§ TO DO
Beginning at the line that contains "Zaawansowany Upłynniacz Ruchu" and finishing at the line that contains "1 DALLA CITTÀ", output the data below exactly. Include both end lines and no pictures.

§ SOURCE RECORDS

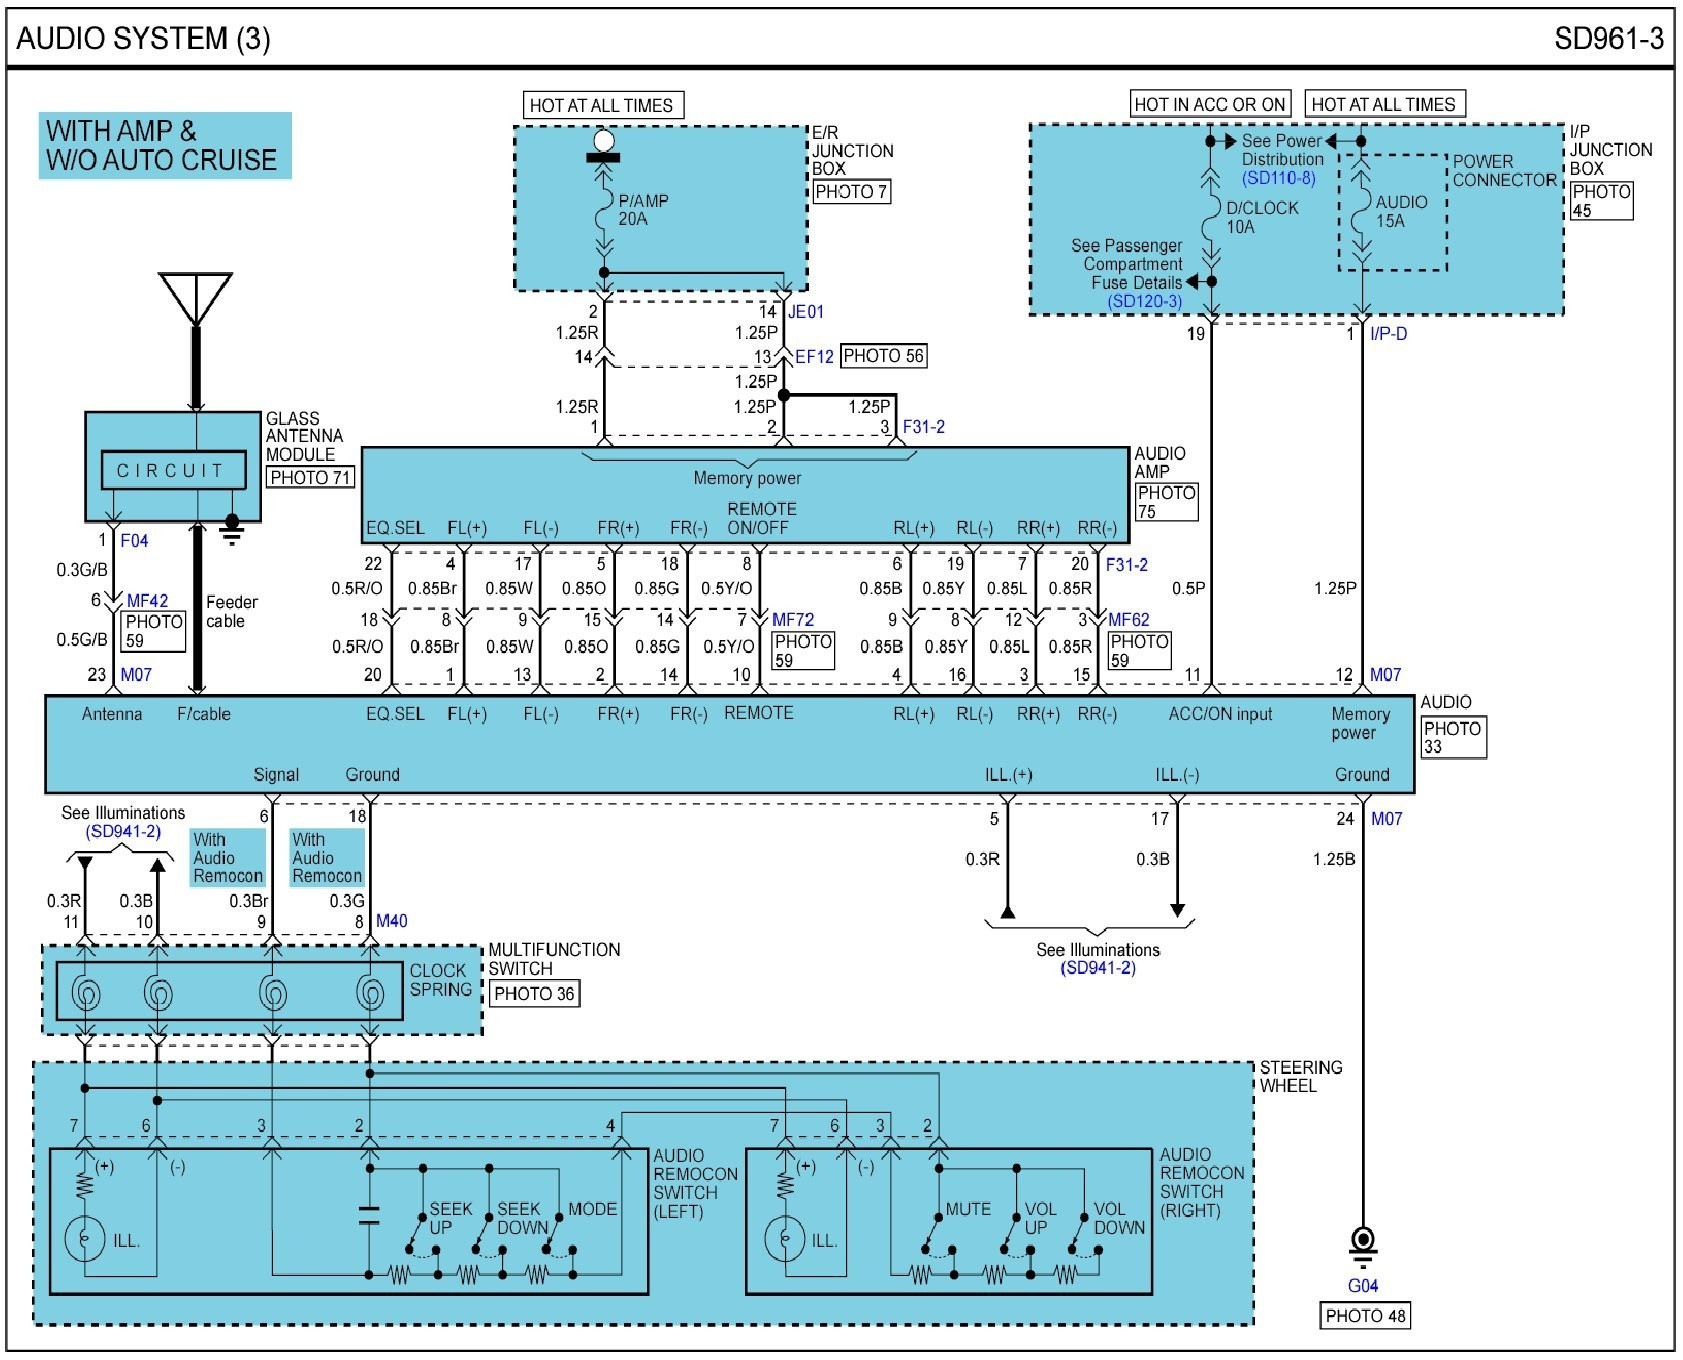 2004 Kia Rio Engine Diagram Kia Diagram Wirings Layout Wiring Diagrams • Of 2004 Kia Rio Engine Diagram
...
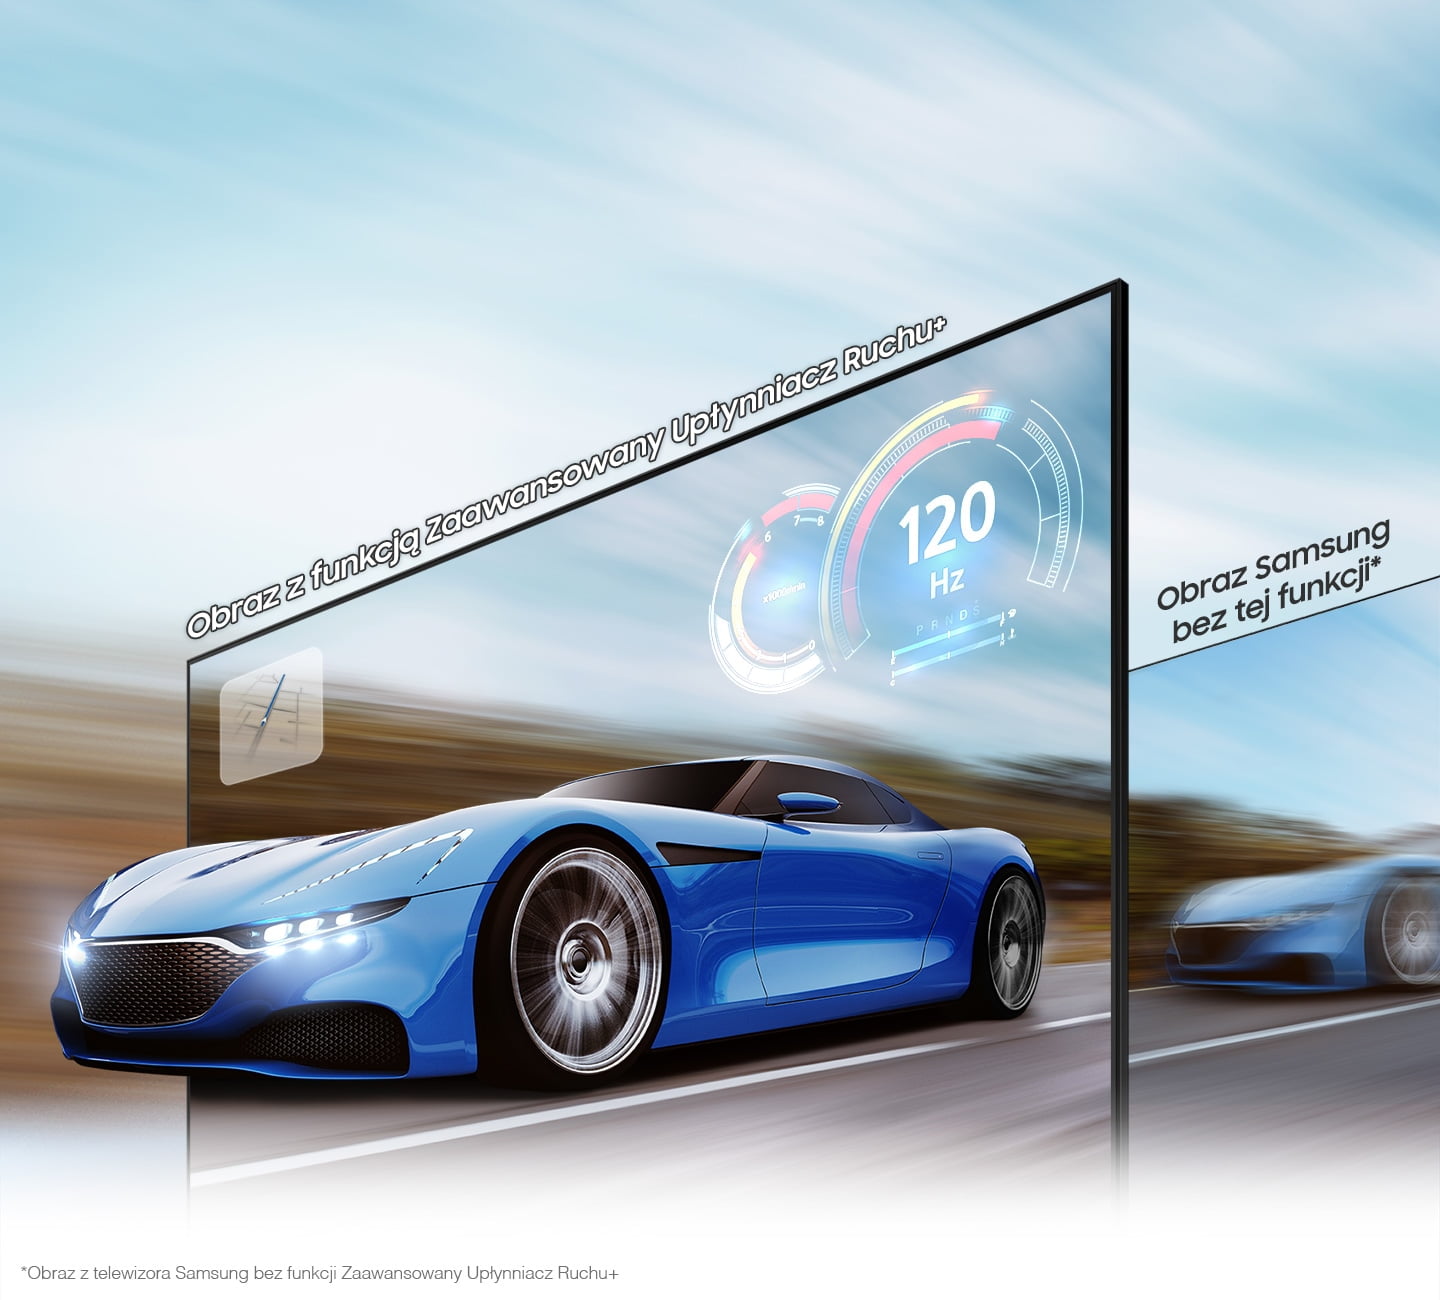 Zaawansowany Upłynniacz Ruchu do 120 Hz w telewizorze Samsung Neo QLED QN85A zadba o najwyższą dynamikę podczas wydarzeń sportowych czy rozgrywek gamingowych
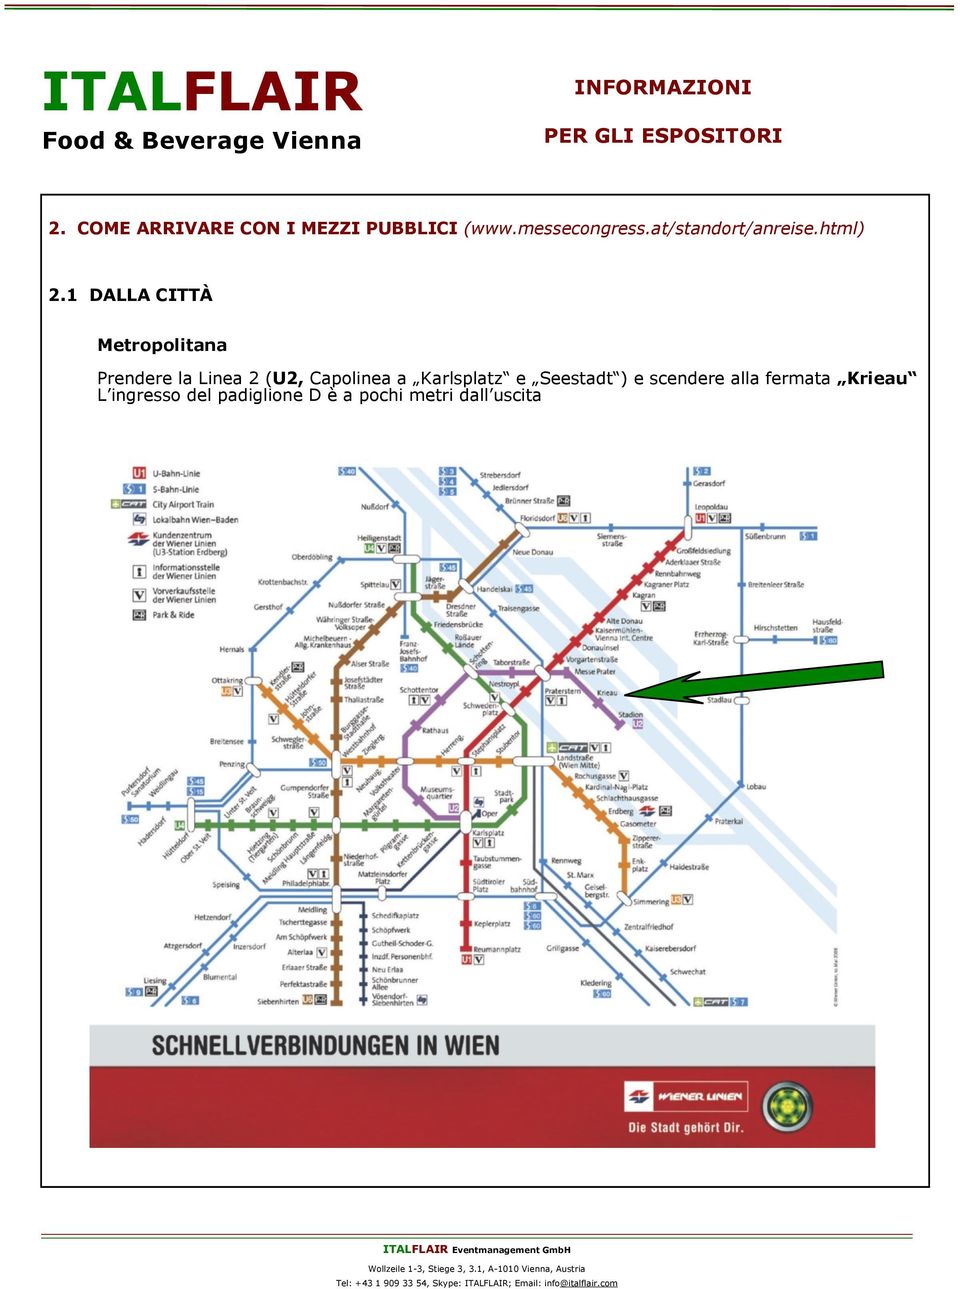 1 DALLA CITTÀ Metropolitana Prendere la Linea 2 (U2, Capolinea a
==
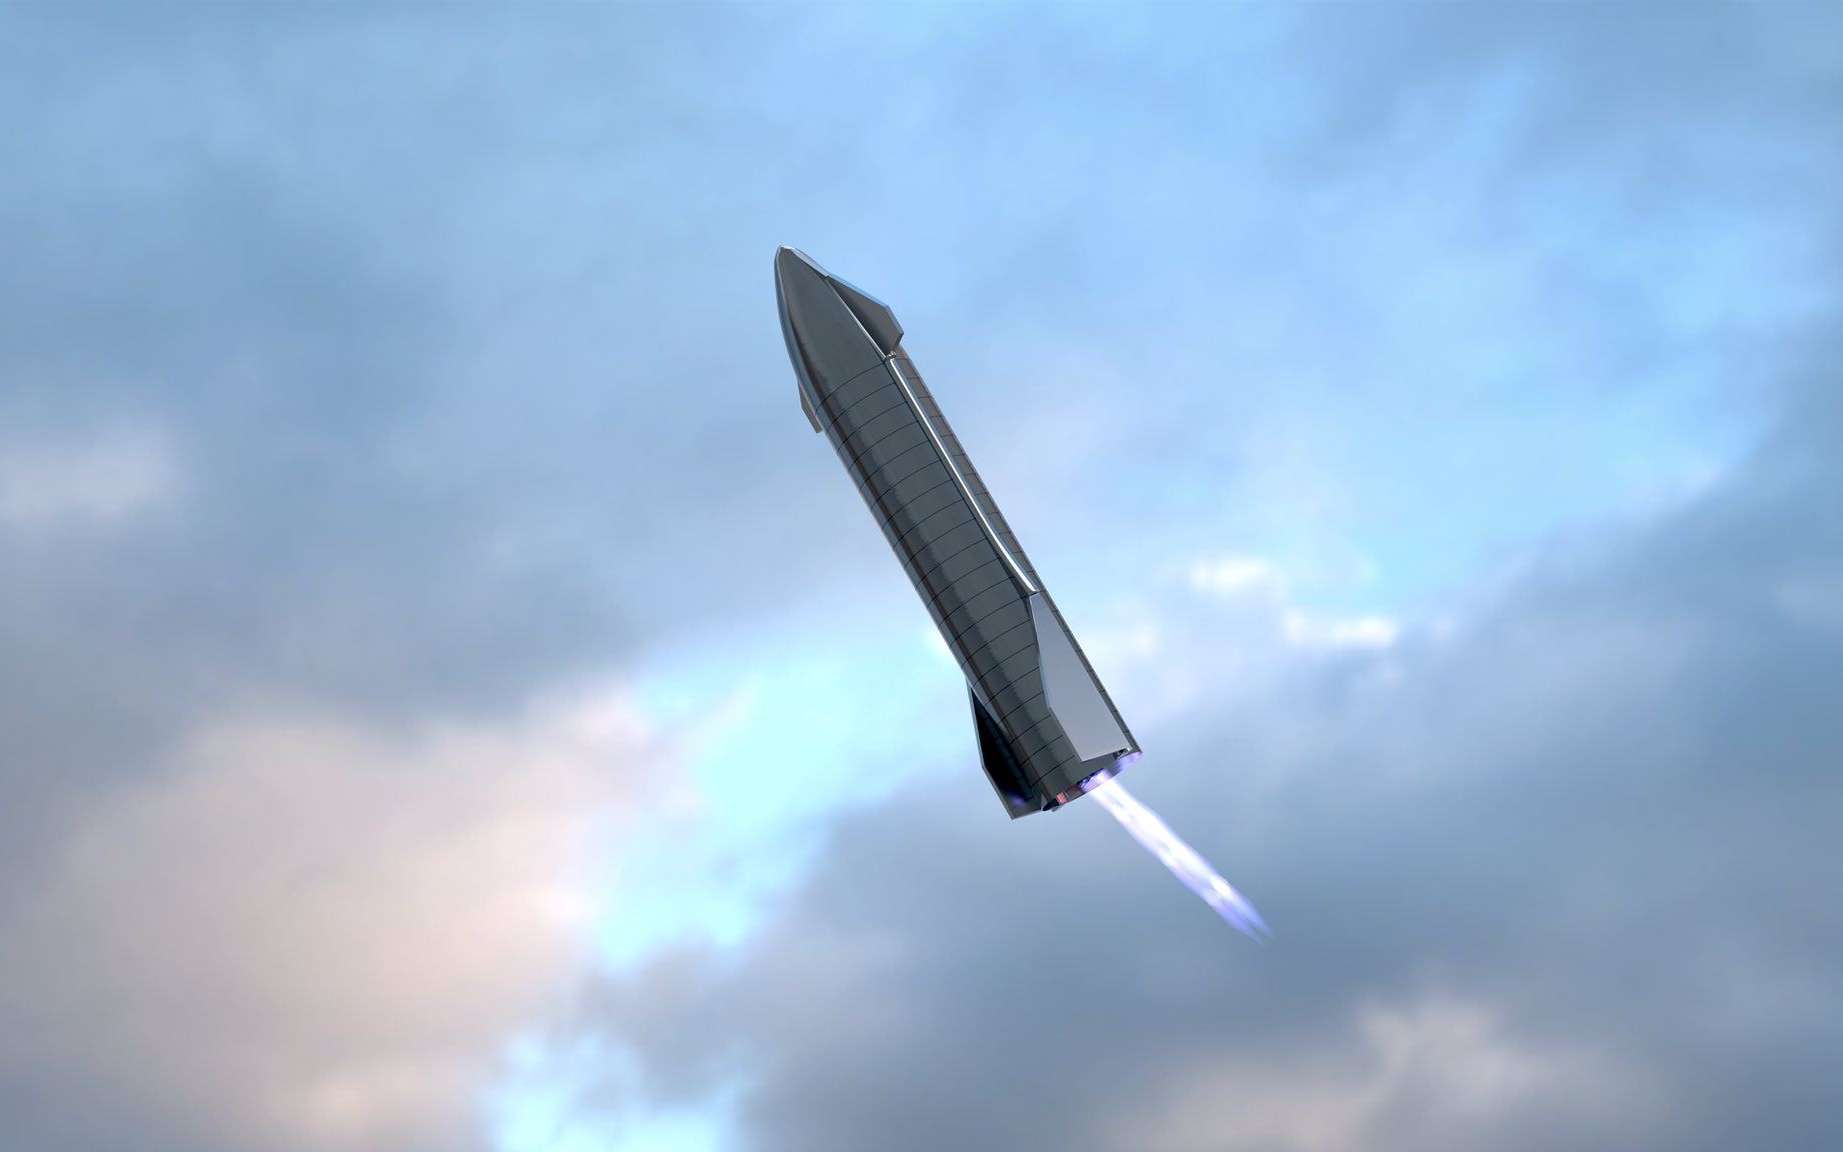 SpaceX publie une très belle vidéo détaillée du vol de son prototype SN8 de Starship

§ EXPECTED ANSWER
 Zaawansowany Upłynniacz Ruchu do 120 Hz w telewizorze Samsung Neo QLED QN85A zadba o najwyższą dynamikę podczas wydarzeń sportowych czy rozgrywek gamingowych
 1 DALLA CITTÀ Metropolitana Prendere la Linea 2 (U2, Capolinea a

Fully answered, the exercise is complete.